One of the ironic results of the Fed's actions and the accompanying rise in the real estate and stock markets is that the primary beneficiaries of these policies are the top 5% to 10% of the population that have the most stock and real estate exposure. The Fed has been much less successful in increasing total employment, which is part of its "dual mandate" and the ostensible reason behind their easing actions.
I am enjoying the rally while it lasts, and it is obviously satisfying to see one's account value grow significantly. However, I continue to purchase cheap insurance (out-of-the-money S&P puts) to protect my portfolio from a sharp pullback. I believe the market still has some room to run given the amount of liquidity coming into the market. A second quarter or summer "hiccup" is also not out of the question. However, I also think eventually all this leads to another inevitable major "bust" probably in 2014 or 2015.
Somewhere over the last 15 to 20 years the Fed has forgotten the adage that its job was to remove the punch bowl just as the party was getting started. As a result, investors are happily getting drunk right now but eventually the partying will lead to one massive hangover once again. Consider that in response to fears about Y2K, the Fed pumped considerable liquidity into the market. Luckily, Y2K turned out to be a non-event much like the recent sequester cuts. Unfortunately, the liquidity that was pumped into the economy/markets via the Fed was a primary contributor to the internet boom and bust of the late 1990s. Once the Nasdaq was cut in half and after 9/11, the Fed again primed the pump and we were off to the races as the housing market exploded for several years and then busted, presaging the huge financial crisis of 2008/2009.

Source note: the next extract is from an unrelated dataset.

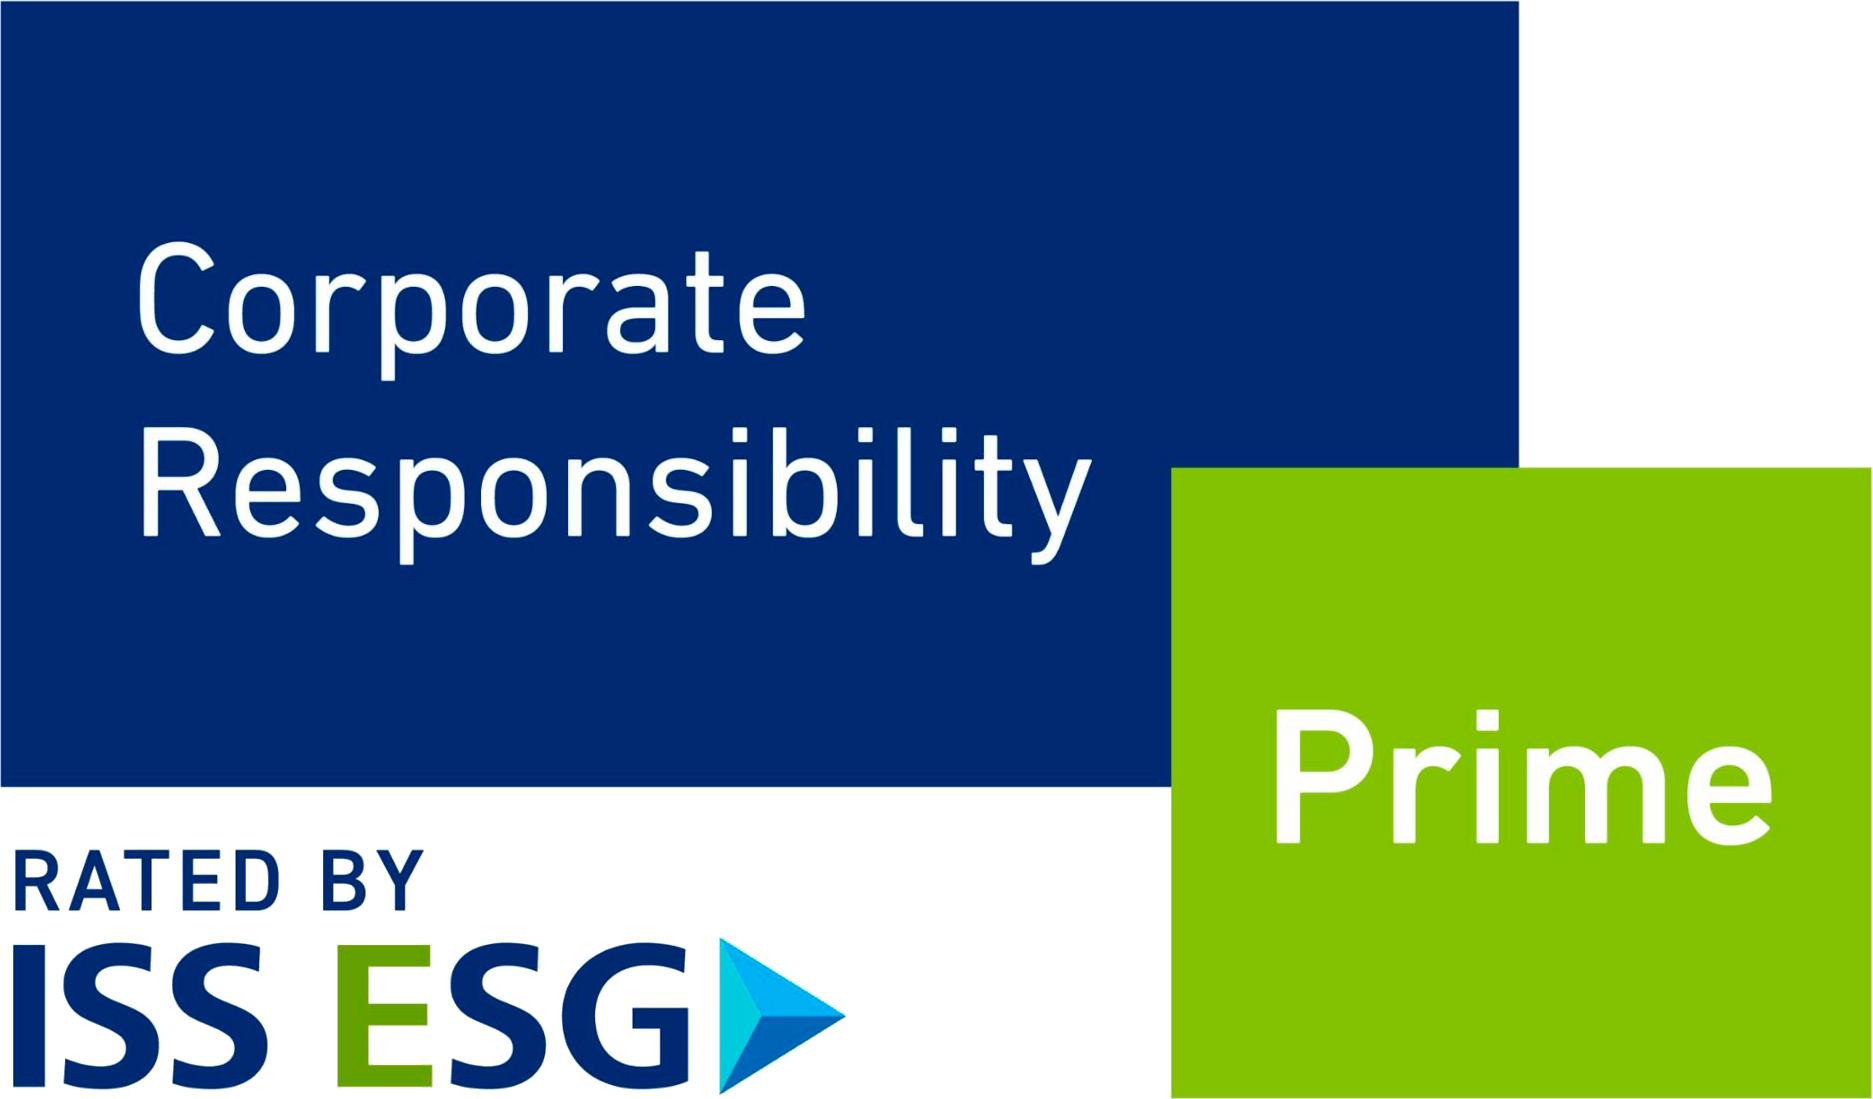 Corporate Responsibility Prime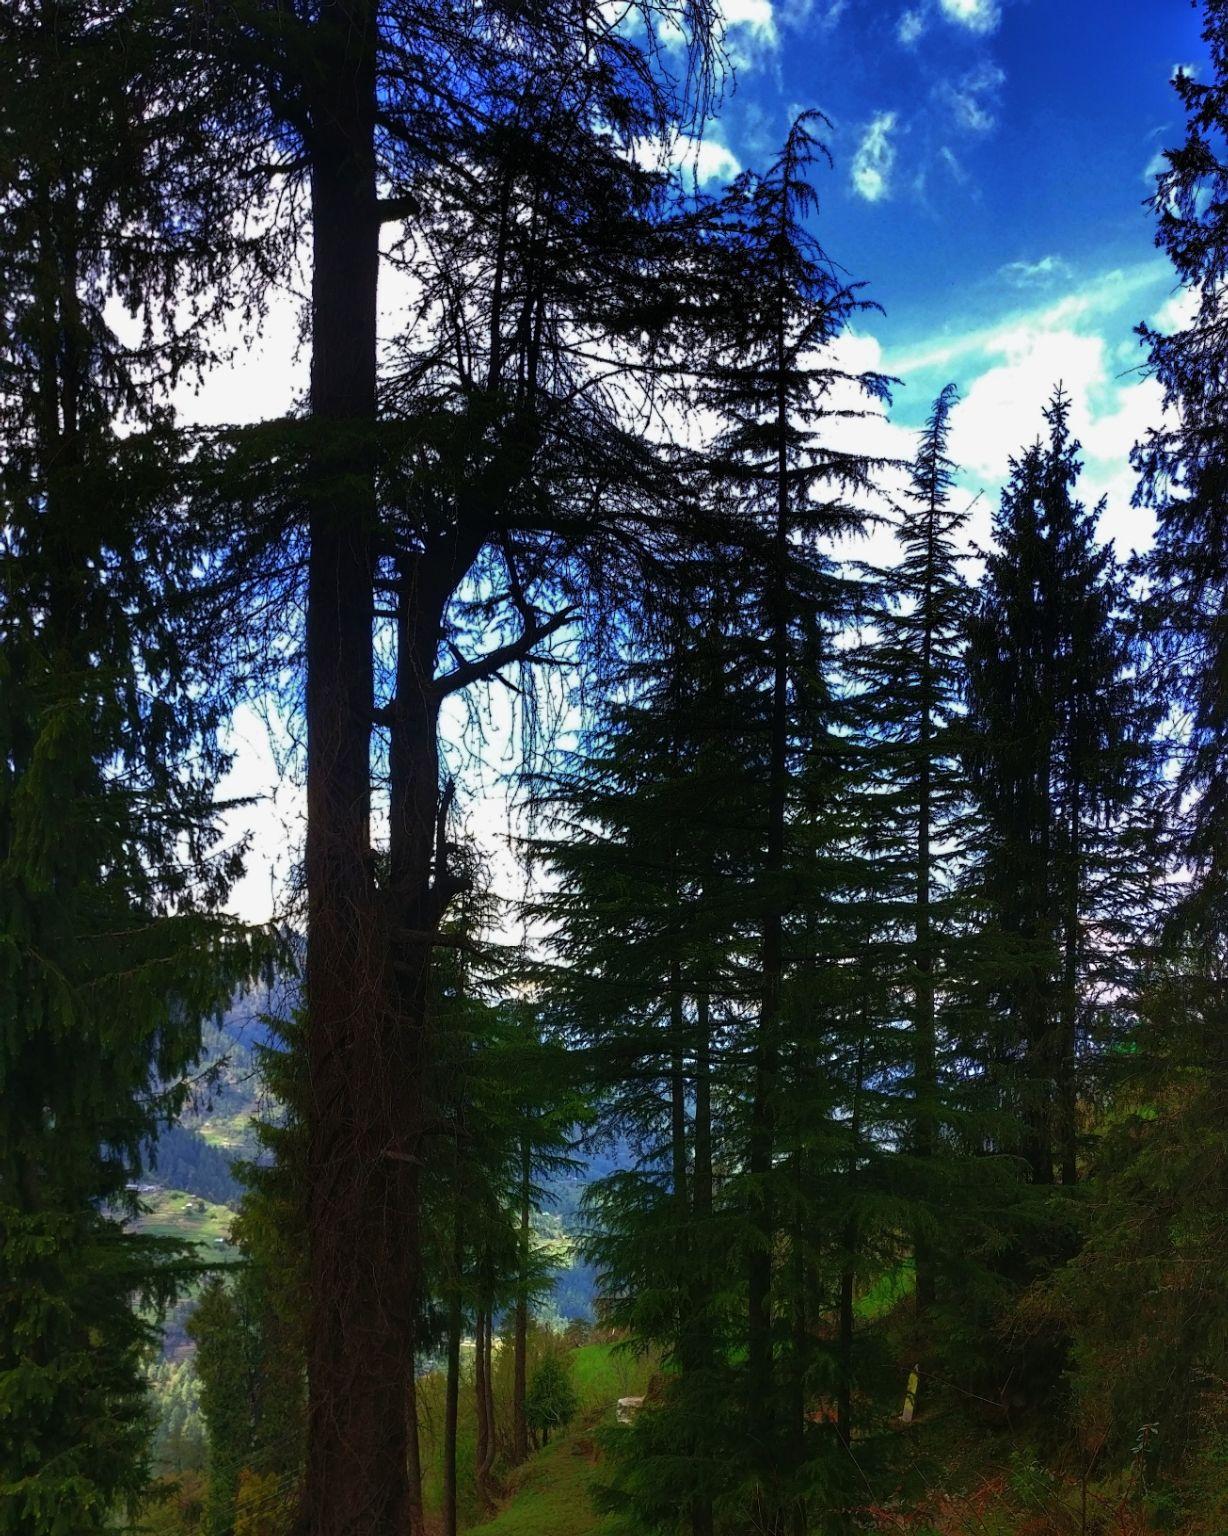 Photo of Tirthan Valley By amit gupta

Since then, the Federal Reserve has quadrupled its balance sheet through QE1, QE2, and now QE3. By the end of the year the Fed's balance sheet will approach $4 trillion. Somehow pundits, judging by most of the comments on CNBC, believe the Fed's actions will not lead to a massive bubble this time around. In addition, they postulate the Fed will be able to "unwind" its balance sheet without causing major disruptions to the market and the economy.
Color me skeptical, but I believe we are just inflating the next bubble that will eventually pop with a massive bang. I also have my doubts that an institution that has been responsible for several bubbles over the last two decades, which missed the buildup of the housing bubble completely and started the subprime crisis, was "contained." That it can be trusted to manage a $4 trillion balance sheet effectively is a bit farfetched. But that's in the future. I think I will have one more "shot" while the market is being treated to an open bar, and make sure I have a chair reserved when the music eventually stops.
Disclosure: I am short TSLA. I wrote this article myself, and it expresses my own opinions. I am not receiving compensation for it (other than from Seeking Alpha). I have no business relationship with any company whose stock is mentioned in this article.